I consider two populations of size 10000 diploids each, which diverged 6000 generations ago. I sample 2 diploids (4 haploids) in each population.

Herebelow I build a polarised and unpolarised (folded) joint 2D-AFS using only one site, to showcase the problem I am considering. Specifically, I am looking at a site where the MAF is 50% (the "ambiguous" minority I was referring to in my previous message). Here, the genotypes are [1,1,1,1] in Pop A and [0,0,0,0] in Pop B.

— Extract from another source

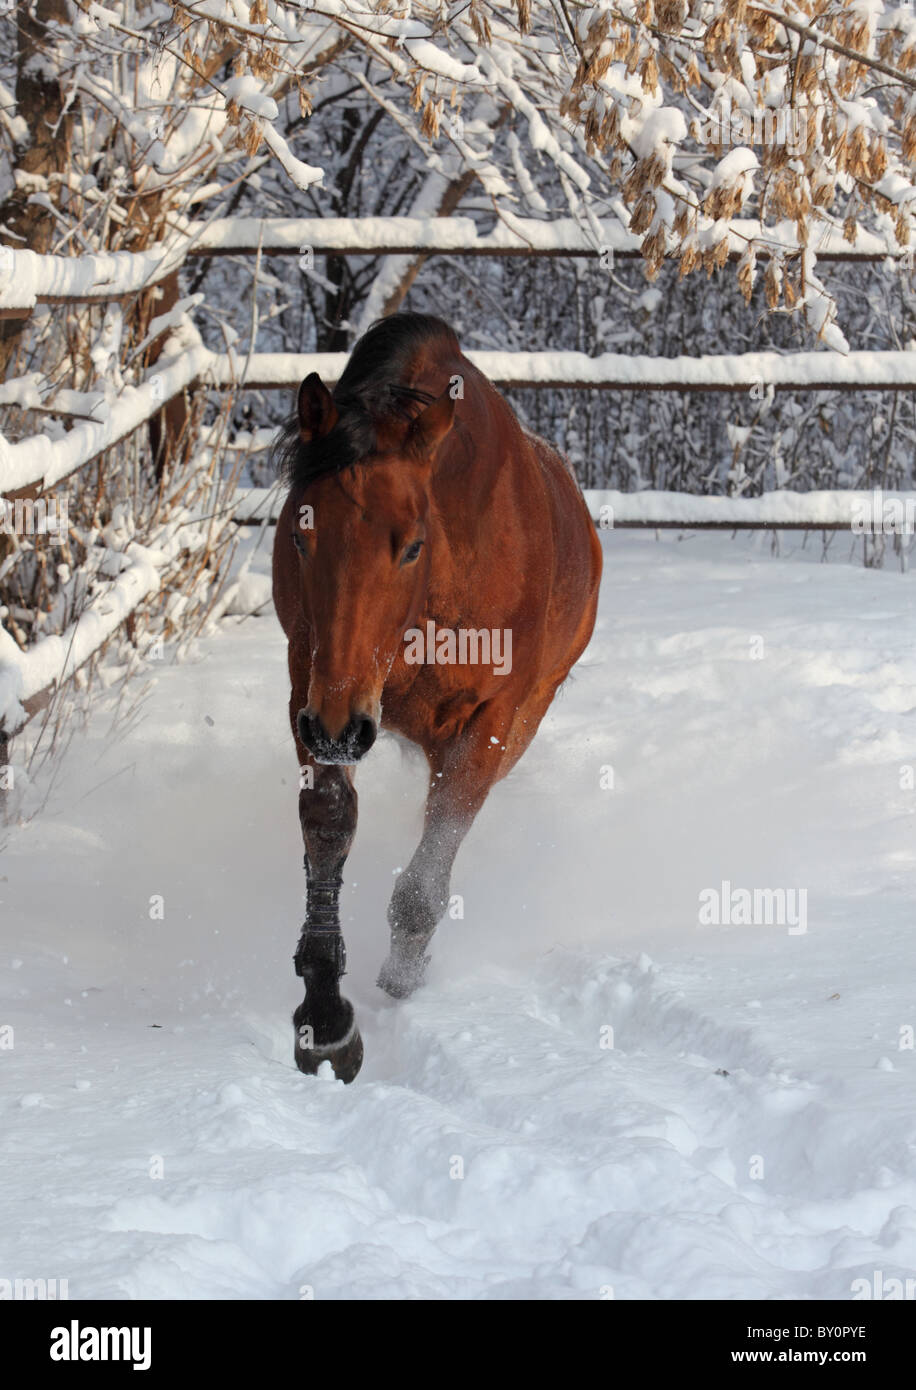 Skipping sorrel horse in winter ranch - Stock Image

Everything is fine for the polarised 2D-AFS.

However, for the folded version, I would expect that both entries $\xi(4,0)$ and $\xi(0,4)$ have each the value of 0.5. This is not the case: the returned folded 2D-AFS has an entry of 1 in $\xi(0,4)$... Yet, there is no reason to assume that the site is "fully" in this configuration, given that it has equal chance to be in the reverse one, given that we don't know which allele is really the major one? I think I am still misunderstanding the folding procedure done in msprime...

import msprime as msp
import numpy as np

def get_demo(Pops):
    No = 10000.
    Ts = 6000.
    #
    Demo = msp.Demography()
    for pop in Pops:
        Demo.add_population(name = pop,
                    default_sampling_time = 0.,
                    growth_rate = 0.,
                    initially_active = True,
                    initial_size = No)
    Demo.add_population_split(time = Ts, derived = ["M"], ancestral = "A")
    return Demo

Pops = ["A", "M"]
n_diploid_samples_per_pop = 2

Samples = [msp.SampleSet(n_diploid_samples_per_pop, ploidy=2, population=pop, time=0.) for pop in Pops]
Demo = get_demo(Pops)

# Simulate
ts = msp.sim_ancestry(Samples, demography=Demo, sequence_length=1e6, random_seed=12)
tsm = msp.sim_mutations(ts, rate=1e-8, random_seed=12, model="binary")

# Extract only one focal site with ambiguous MAC
ambiguous_minor_allele_count = 0.5*np.sum(np.array([x.num_samples*x.ploidy for x in Samples]))
sites_id_to_remove = []
first = True
for v in tsm.variants():
    g = v.genotypes
    if (first is True) and (np.sum(g) == ambiguous_minor_allele_count):
        print(v)
        first = False
    else:
        sites_id_to_remove += [v.site.id]
tsm_sub = tsm.delete_sites(sites_id_to_remove)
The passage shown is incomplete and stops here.